- [WORK TO COMPLETE]:
From first line to last, copy the listing exactly and omit its pictures.

- [SOURCE MATERIAL]:
↓↓↓

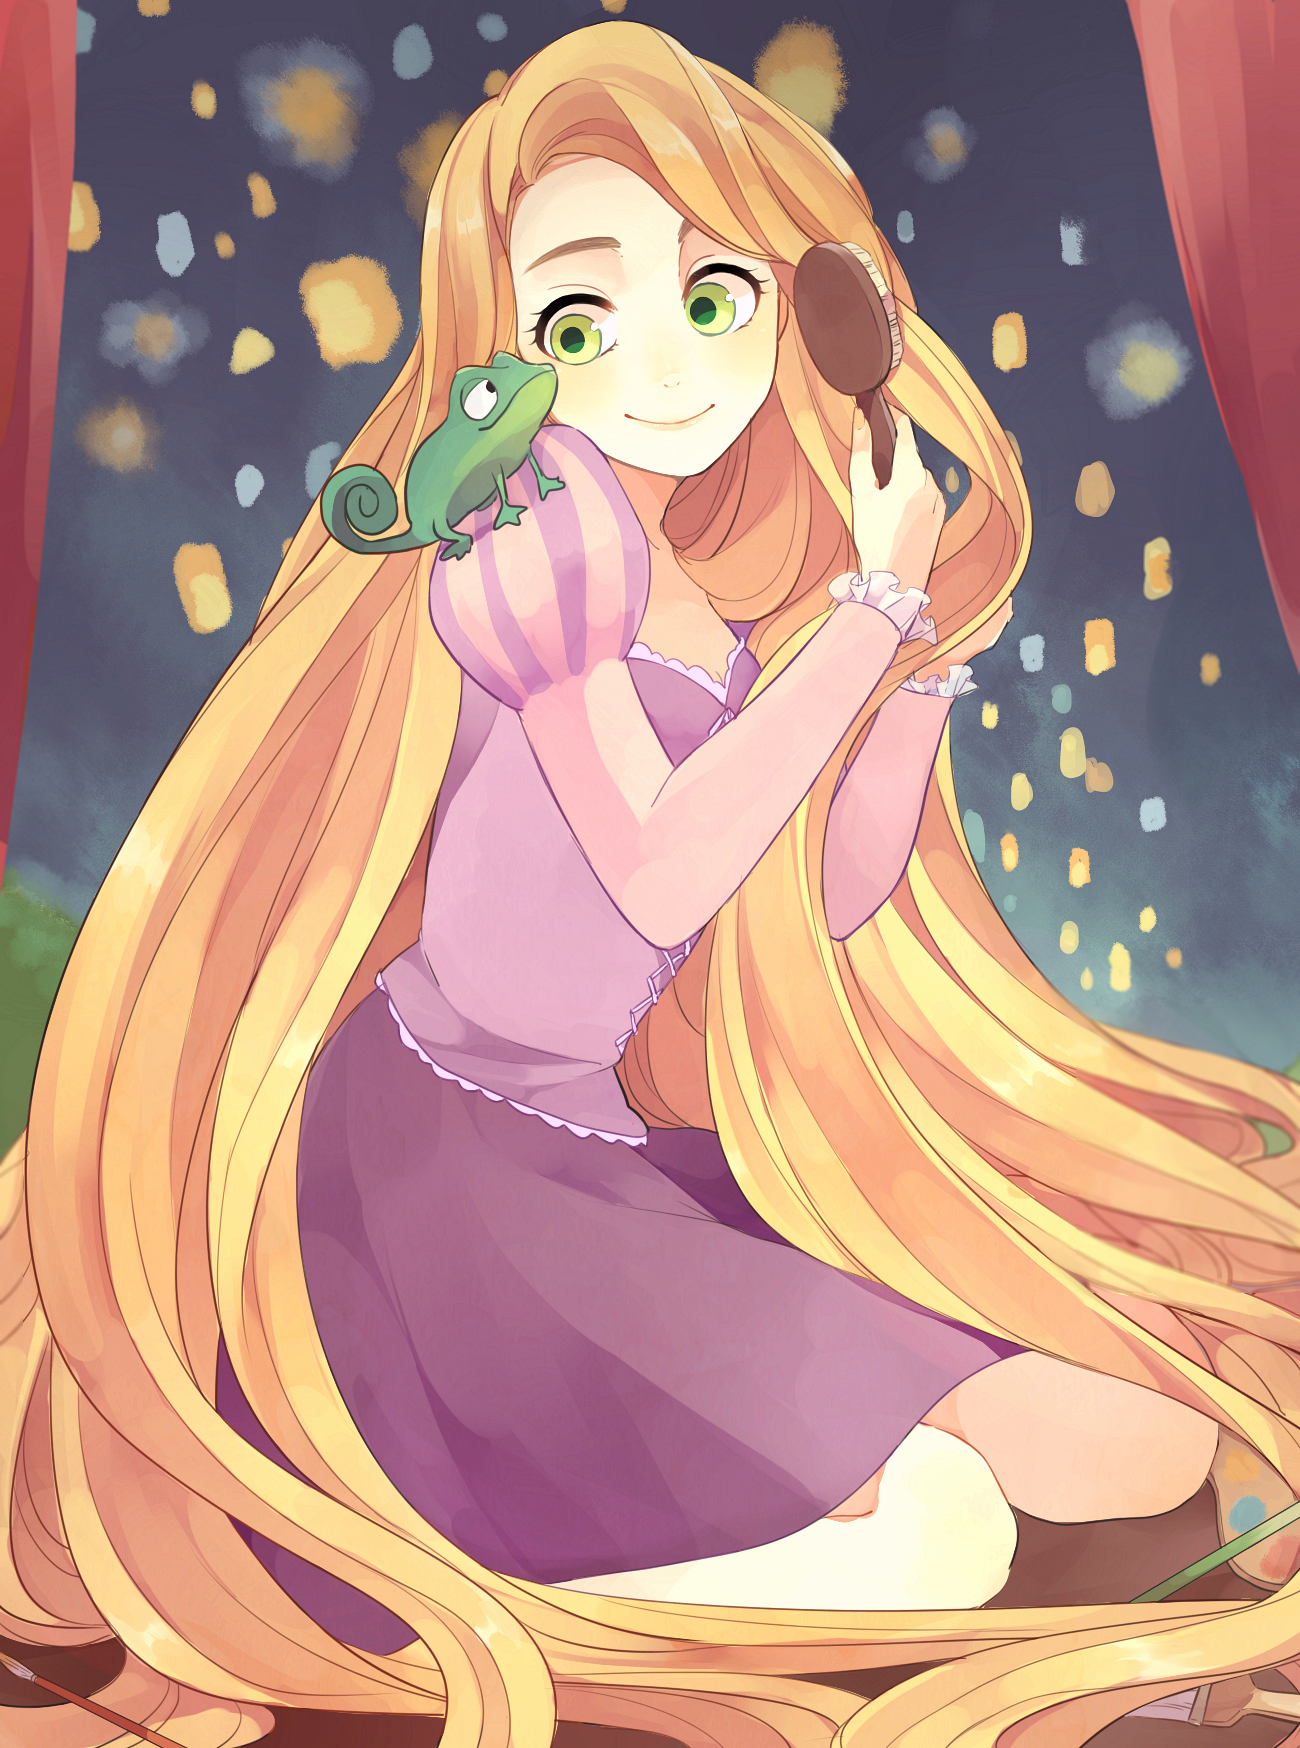 Rapunzel Tangled Tangled Disney Image 1694546 Zerochan Anime Image Board
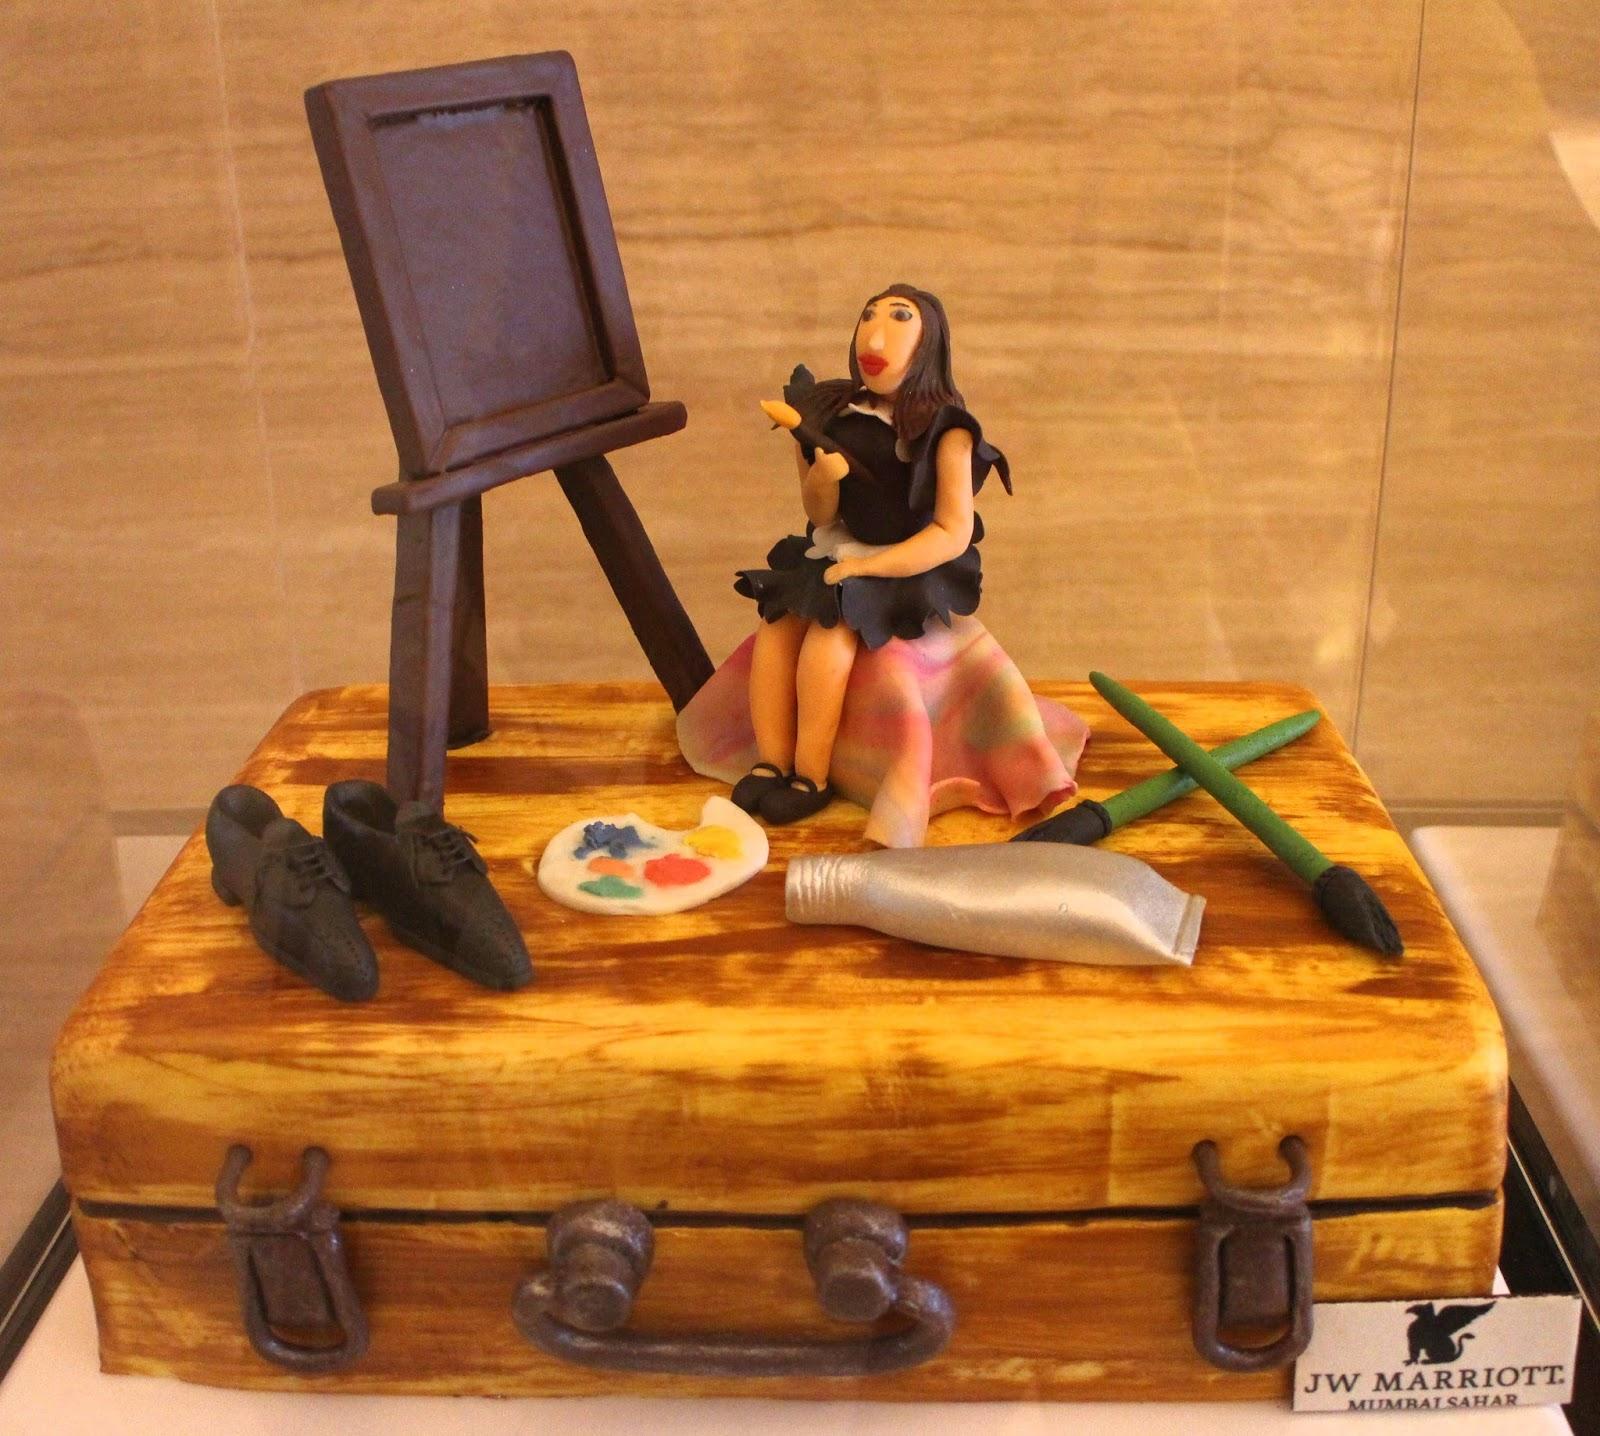 Cake Art Exhibit : My World: Cake Exhibition at J W Marriott Sahar Mumbai!!!
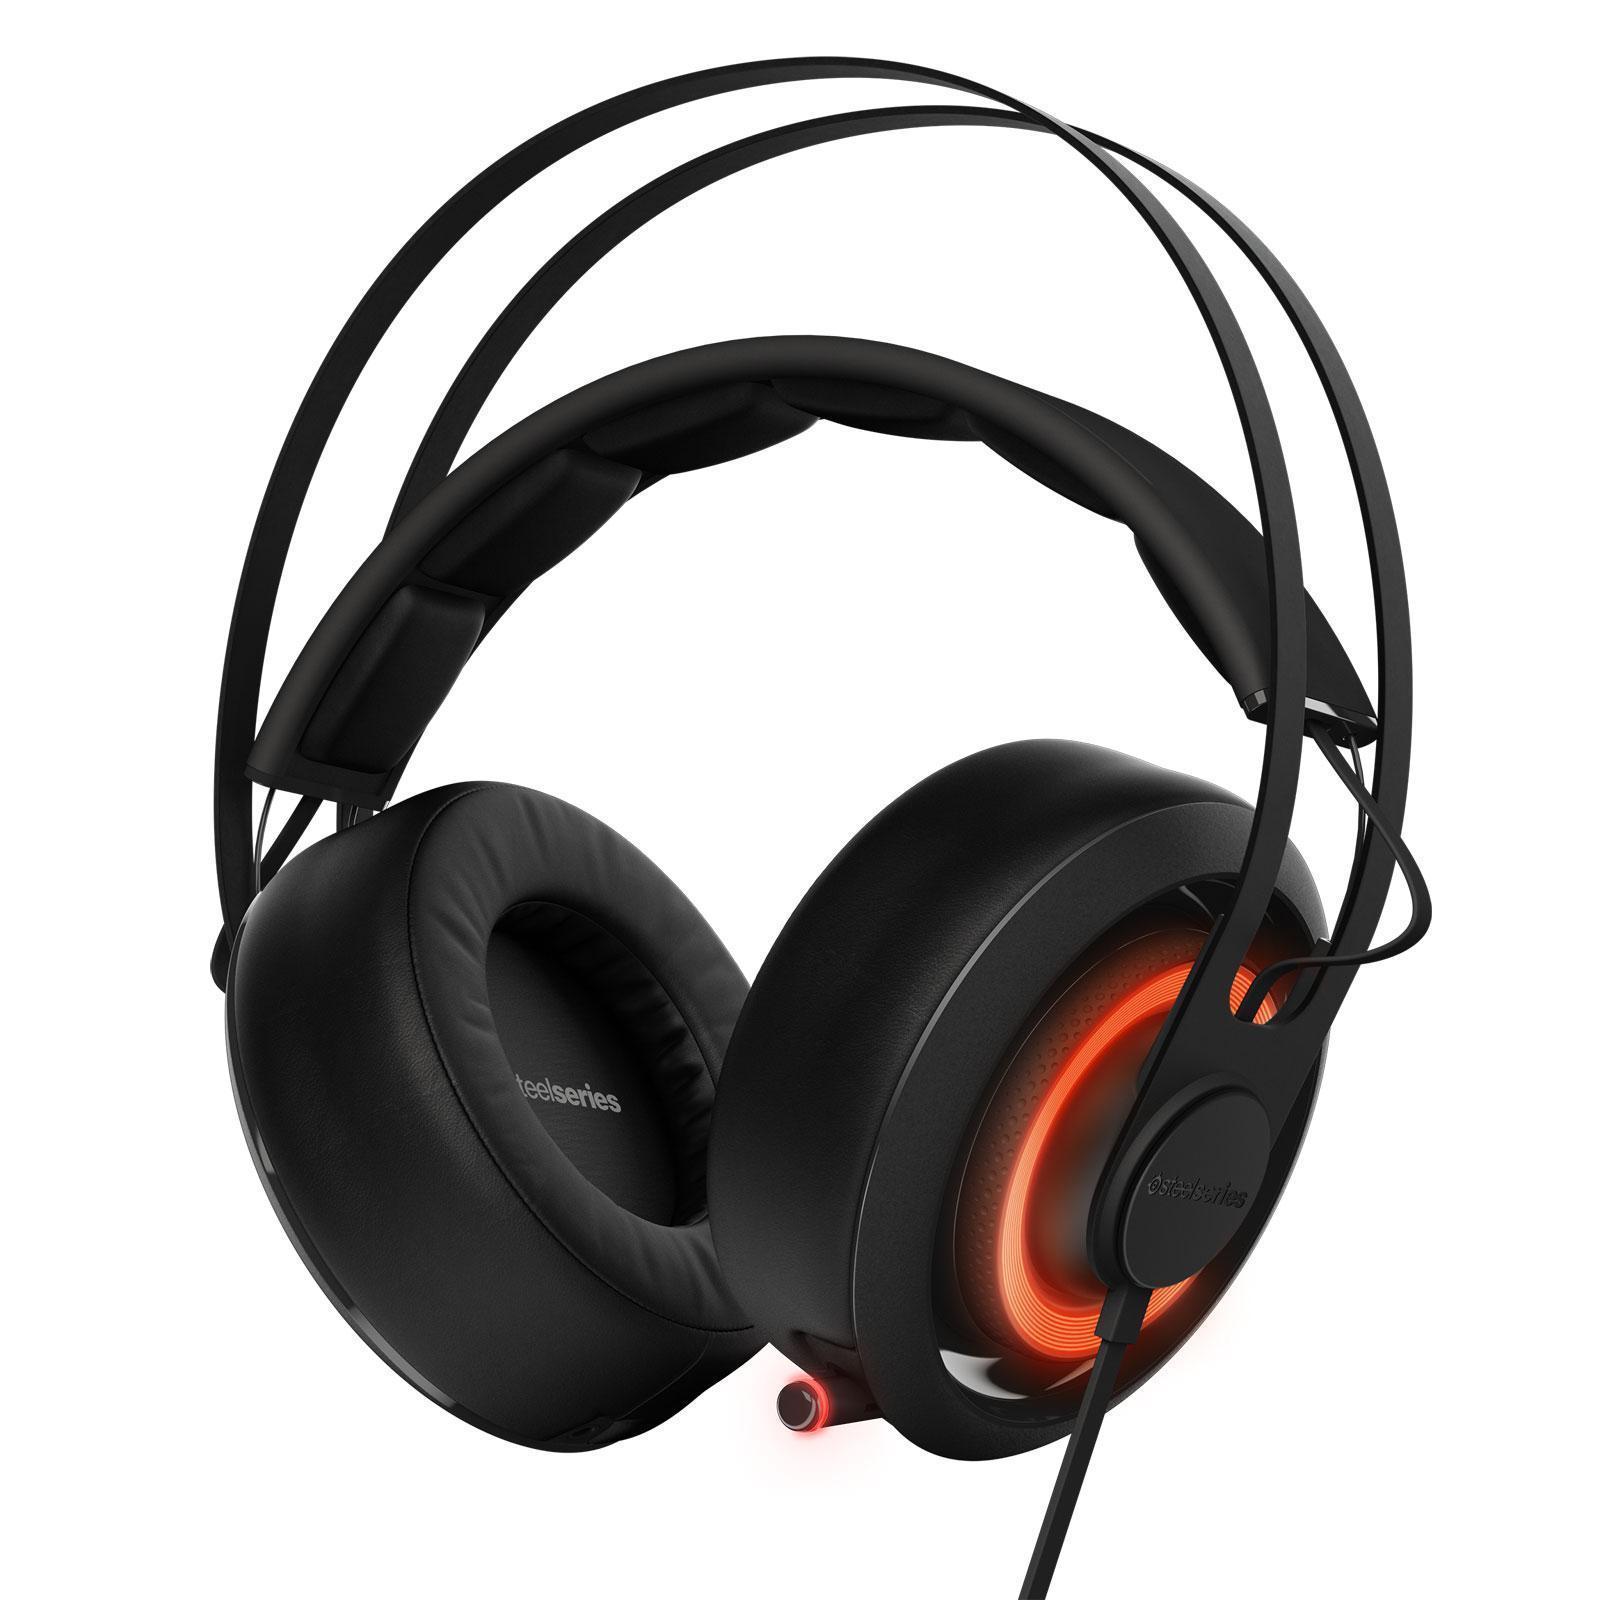 Steelseries Siberia 650 Gaming Ακουστικά Μικρόφωνο - Μαύρο

↑↑↑

- [ANSWER SPACE]:
 Rapunzel Tangled Tangled Disney Image 1694546 Zerochan Anime Image Board
 Cake Art Exhibit : My World: Cake Exhibition at J W Marriott Sahar Mumbai!!!
 Steelseries Siberia 650 Gaming Ακουστικά Μικρόφωνο - Μαύρο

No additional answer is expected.